Wednesday, February 22, 2006

Price Reductions in Marin as of February, 22 2006

Following the lead of Athena over at the Sonoma Housing Bubble blog (I ask you, how can I go wrong following in the footsteps of a goddess?), here is the price reduction history and Days on Market (DOM) statistics for all of Marin County (search range is from $0 to $10 million) as of today care of ZipRealty:
Total units showing reduced prices: 62 (or 17% of the searched market)

Average DOM: 115
Max DOM: 337

Average percent price reduction: -4.93%
Max percent price reduction: -17.1%
You can view the full listing by address over at the Marin Address Pricing History thread.

11 comments:

Anonymous said...

Here's an update on one of the properties. It was sold in mid 02 for 845k, now listed for 1.2 million. Assuming that prices have remained flat Jan 05 to Jan 06 and based on median price data, the data would argue that the price should be up by 20%, or up to 1.030 million since the 845k sale and I know 200k in improvements have not been made. mmmm, looking for a sucker.....

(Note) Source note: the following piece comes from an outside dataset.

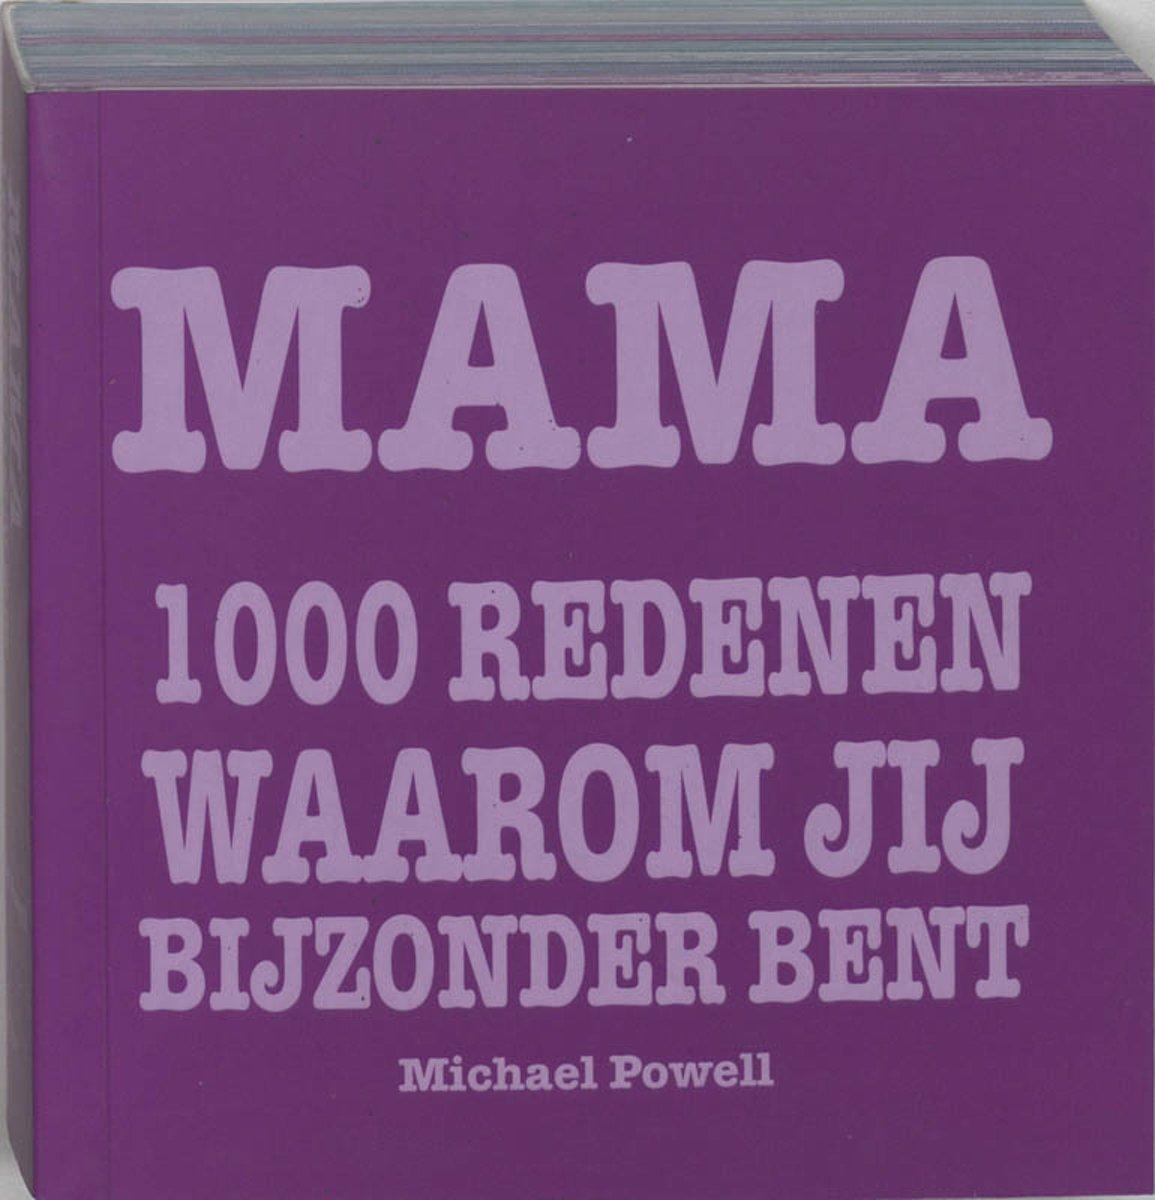 bol.com | Mama 1000 redenen waarom jij bijzonder bent, M. Powell |  9789045307510 | Boeken

From the Marin Address Pricing thread.

Speculatino in marin is rampant just like it is everywhere else in bubble CA its just not as obvious. Give it time and that -4% will become -40%. Buyers -- just wait be patient and you will see.

Athena said...

LOL... Athena enters the blog humbled and bowing very low in gratitude for such a compliment...

It was only after seeing the vast amounts of information and data here that I endeavored to do the same for my tiny and starry eyed hamlet. I aspire to but follow in your blogsteps!

By the way... those price increases are heinous. who are these people who believe their house is their own personal investment bank?

Athena said...

oh and just saw the sad reductions... those are really sticky coming down. I thought Sonoma wasn't budging much... but marin really doesn't get it. wow!

Marinite said...

those price increases are heinous. who are these people who believe their house is their own personal investment bank?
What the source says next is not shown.